*TASK DIRECTIONS:* Your answer should consist only of the lines below from the one with "Gemelo: flexión plantar" through the one with "Palacio finamente esculpida", copied exactly.

*DATA SUPPLIED:*
***
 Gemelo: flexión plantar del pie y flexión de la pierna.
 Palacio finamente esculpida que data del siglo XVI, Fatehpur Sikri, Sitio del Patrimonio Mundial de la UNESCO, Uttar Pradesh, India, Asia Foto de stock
***
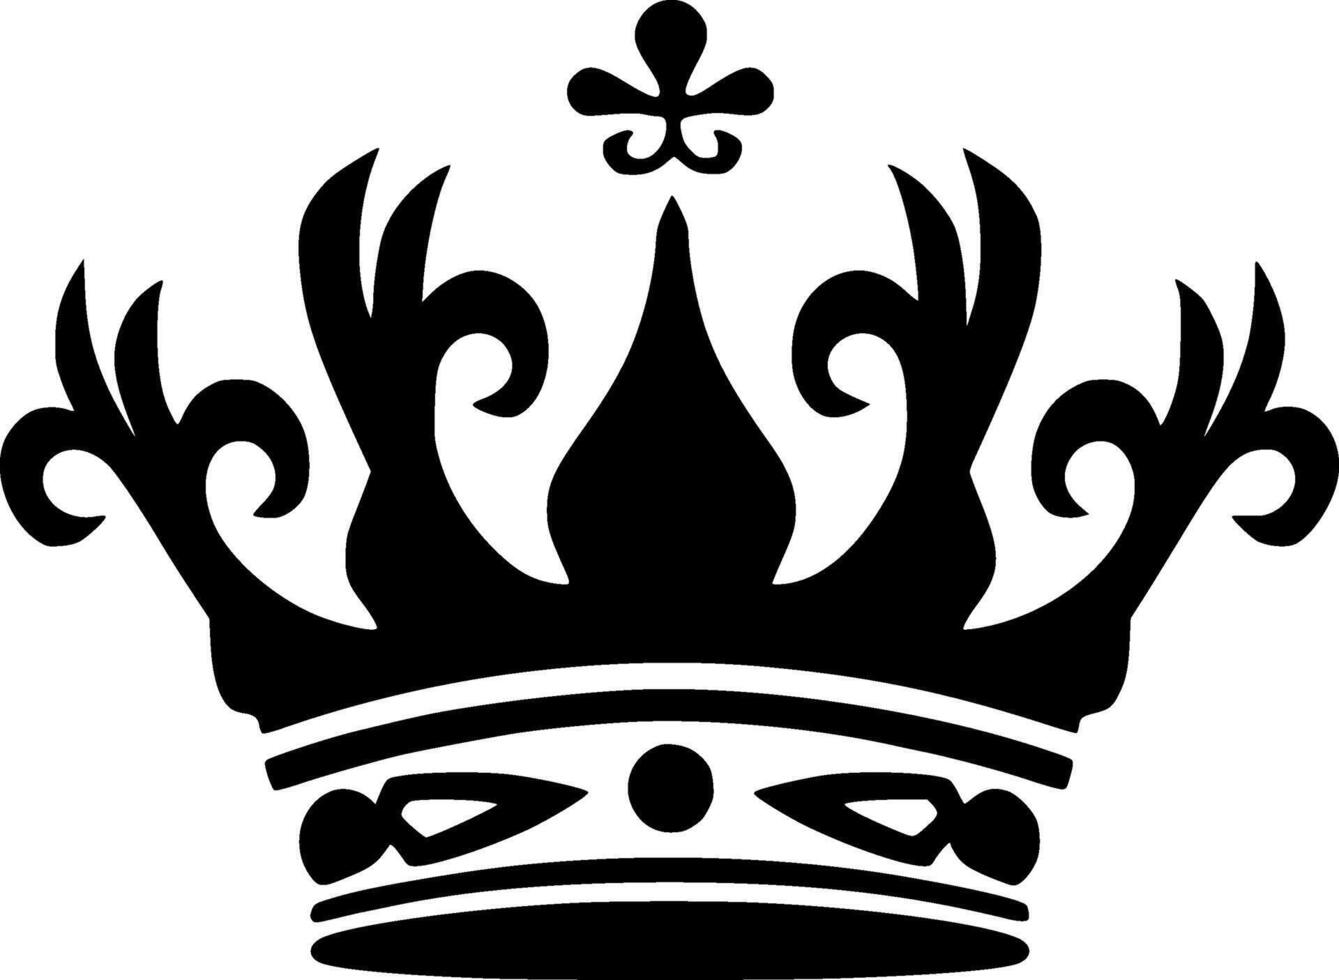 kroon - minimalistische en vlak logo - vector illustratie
***
*RESPONSE AREA:*
 Gemelo: flexión plantar del pie y flexión de la pierna.
 Palacio finamente esculpida que data del siglo XVI, Fatehpur Sikri, Sitio del Patrimonio Mundial de la UNESCO, Uttar Pradesh, India, Asia Foto de stock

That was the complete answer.